> [The task] Repeat the listing exactly. Pictures stay out of your copy.

> [Provided data]
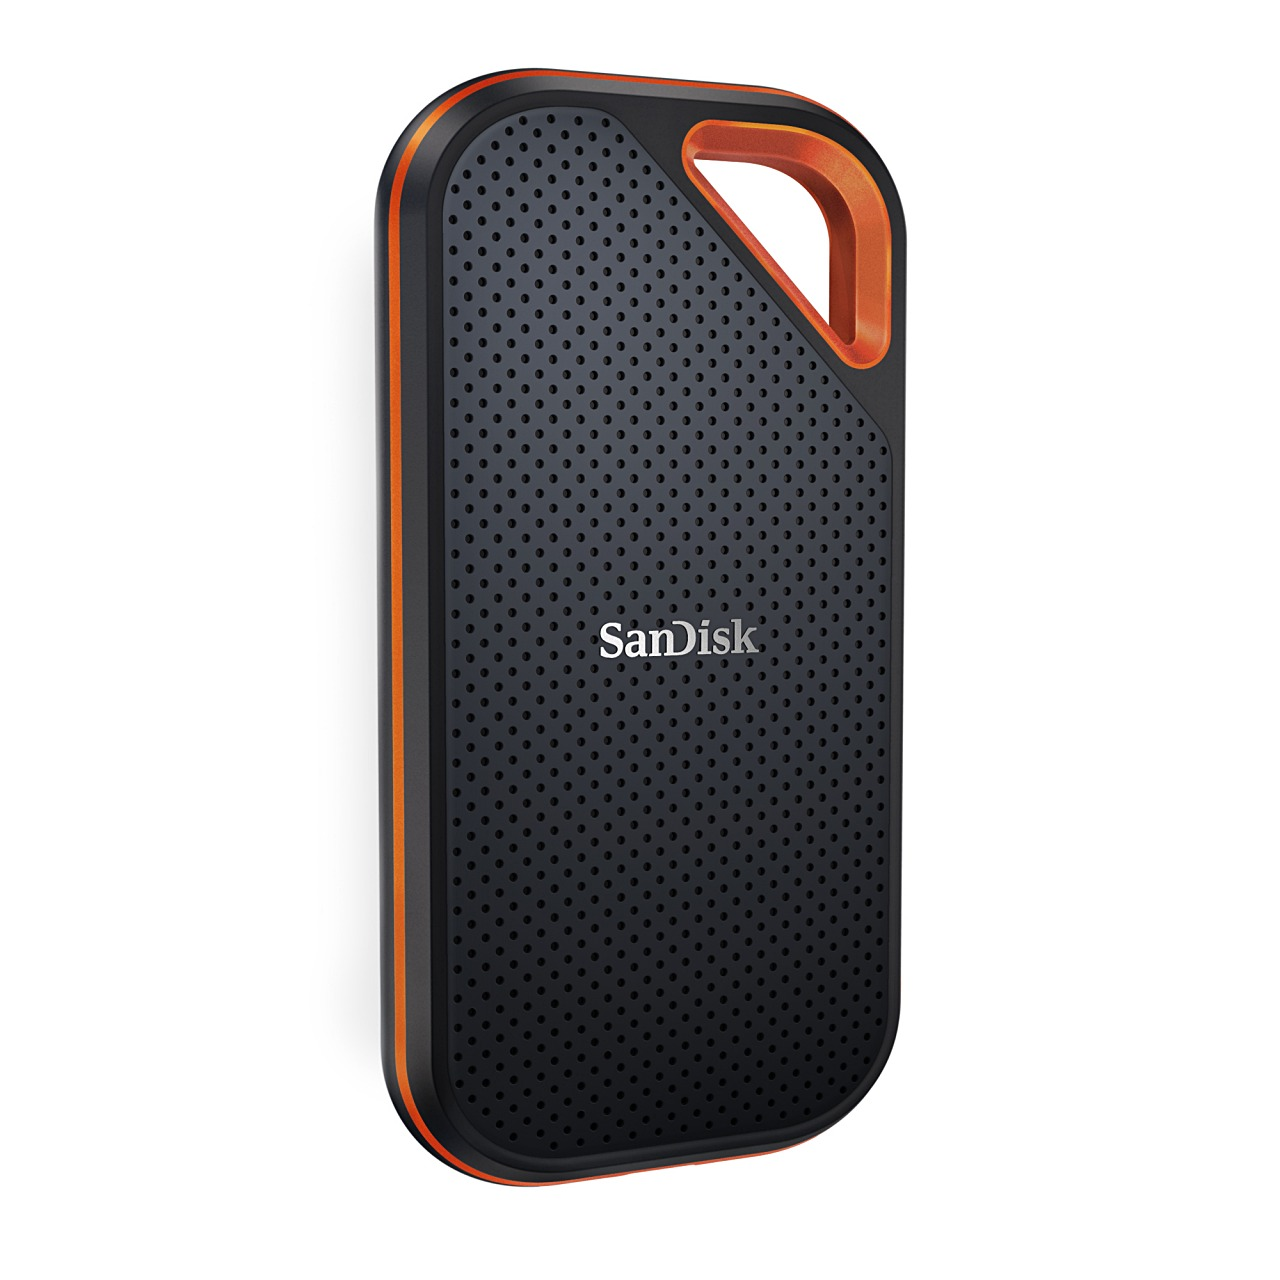 WD 推出為攝影愛好者設計的 SanDisk Extreme PRO 行動固態硬碟
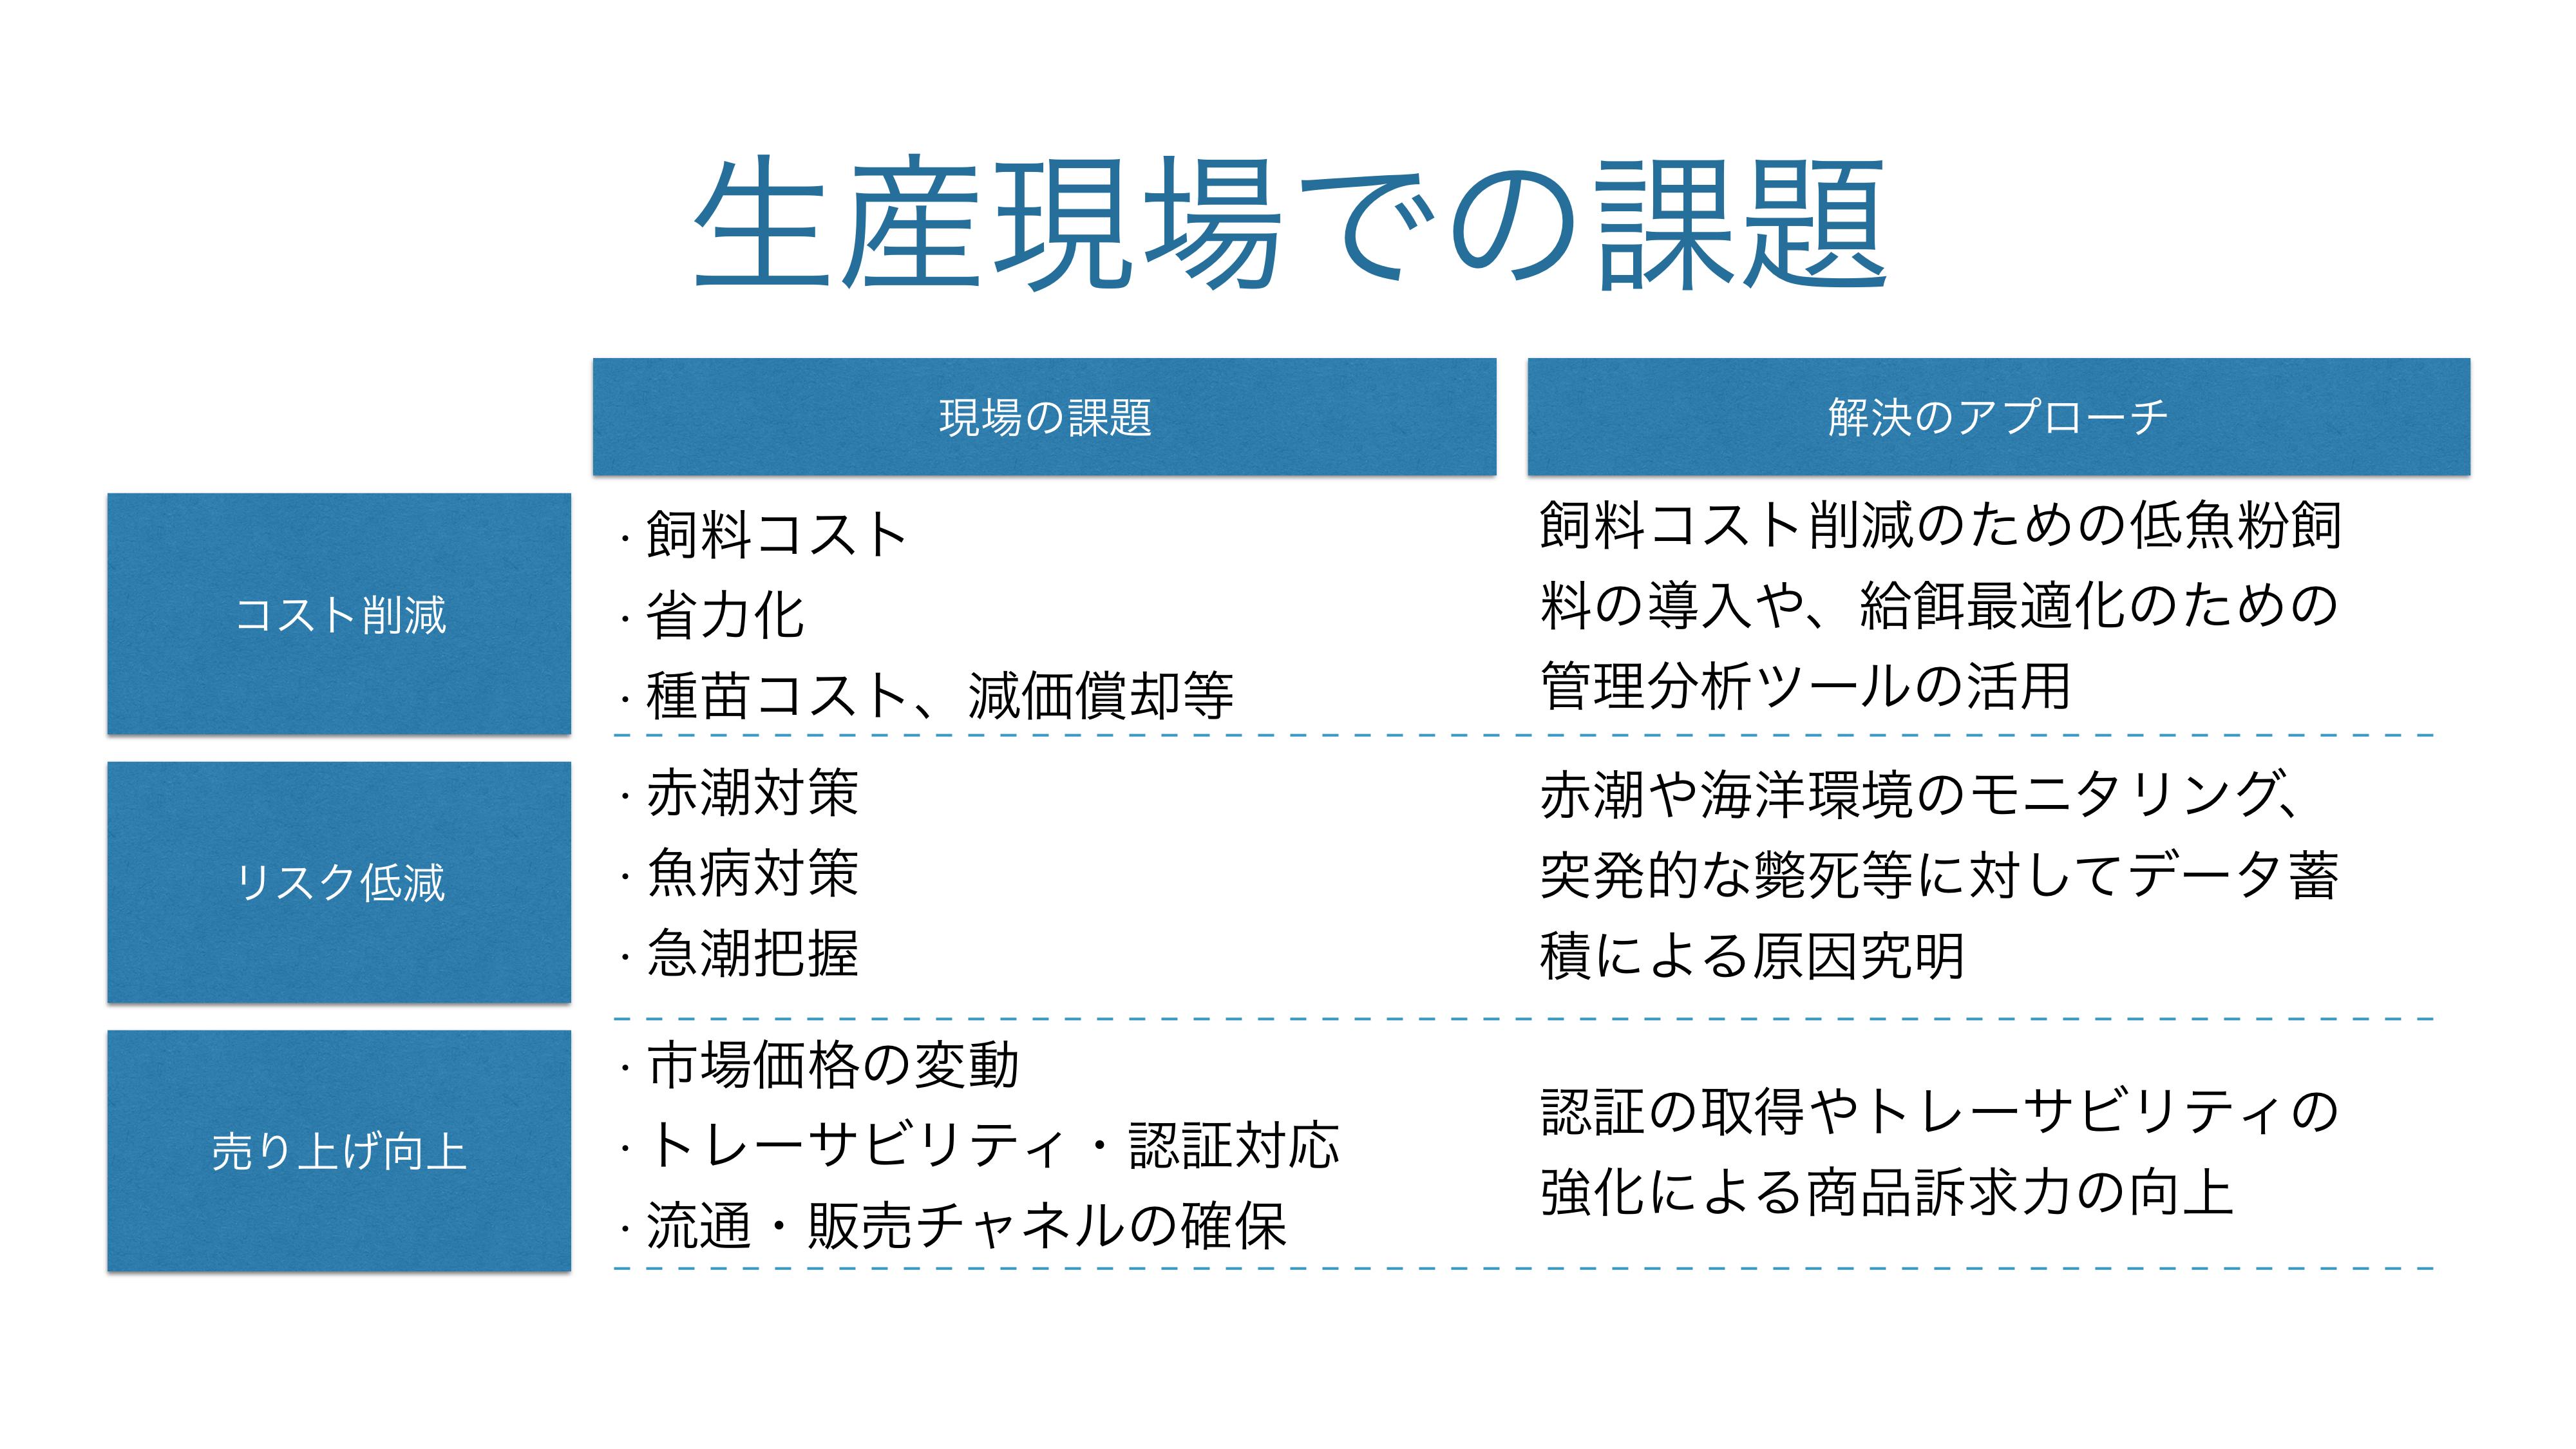 f:id:Imamura:20181220152525p:plain
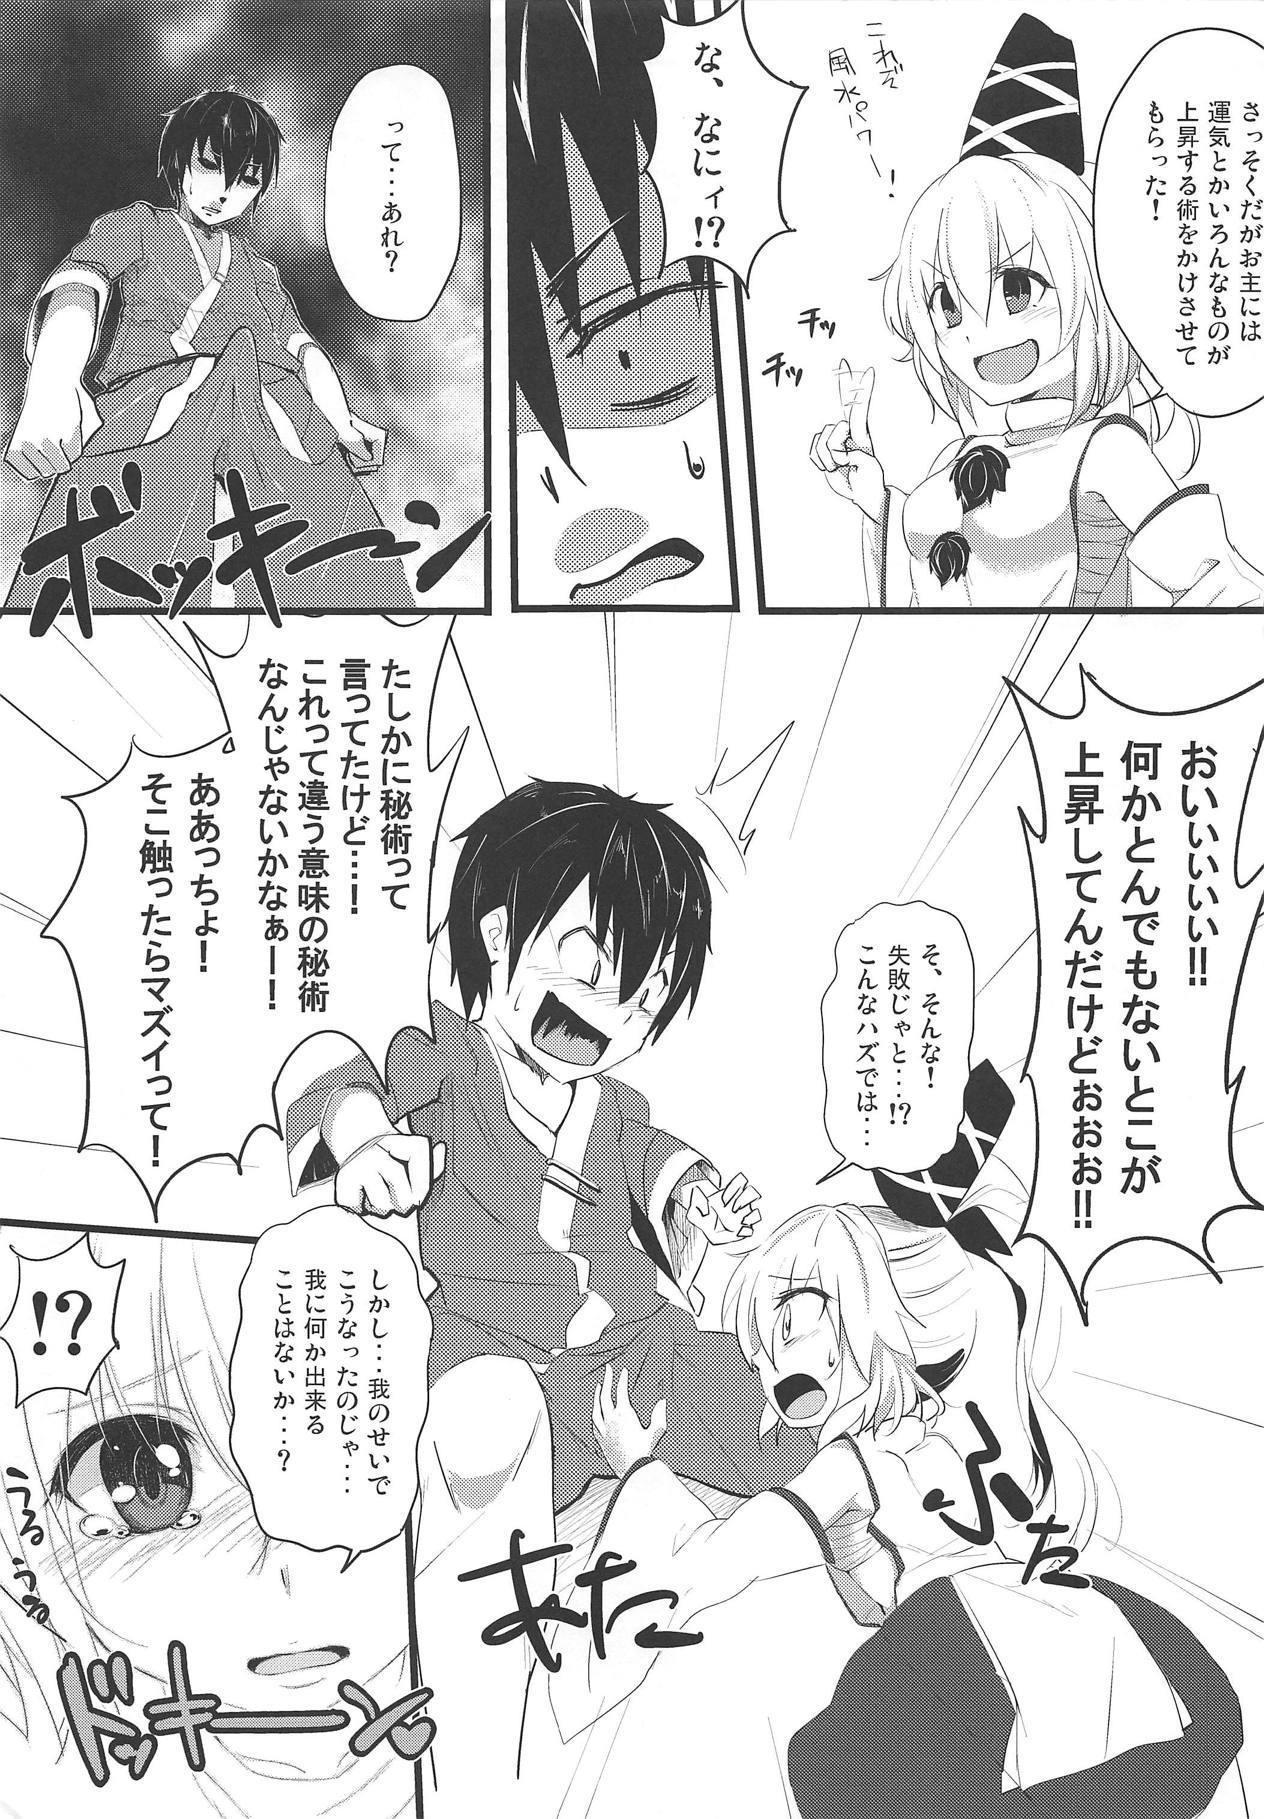 Gouzoku Ranbu Mujihix EX. 3

> [The completed task]
 WD 推出為攝影愛好者設計的 SanDisk Extreme PRO 行動固態硬碟
 f:id:Imamura:20181220152525p:plain
 Gouzoku Ranbu Mujihix EX. 3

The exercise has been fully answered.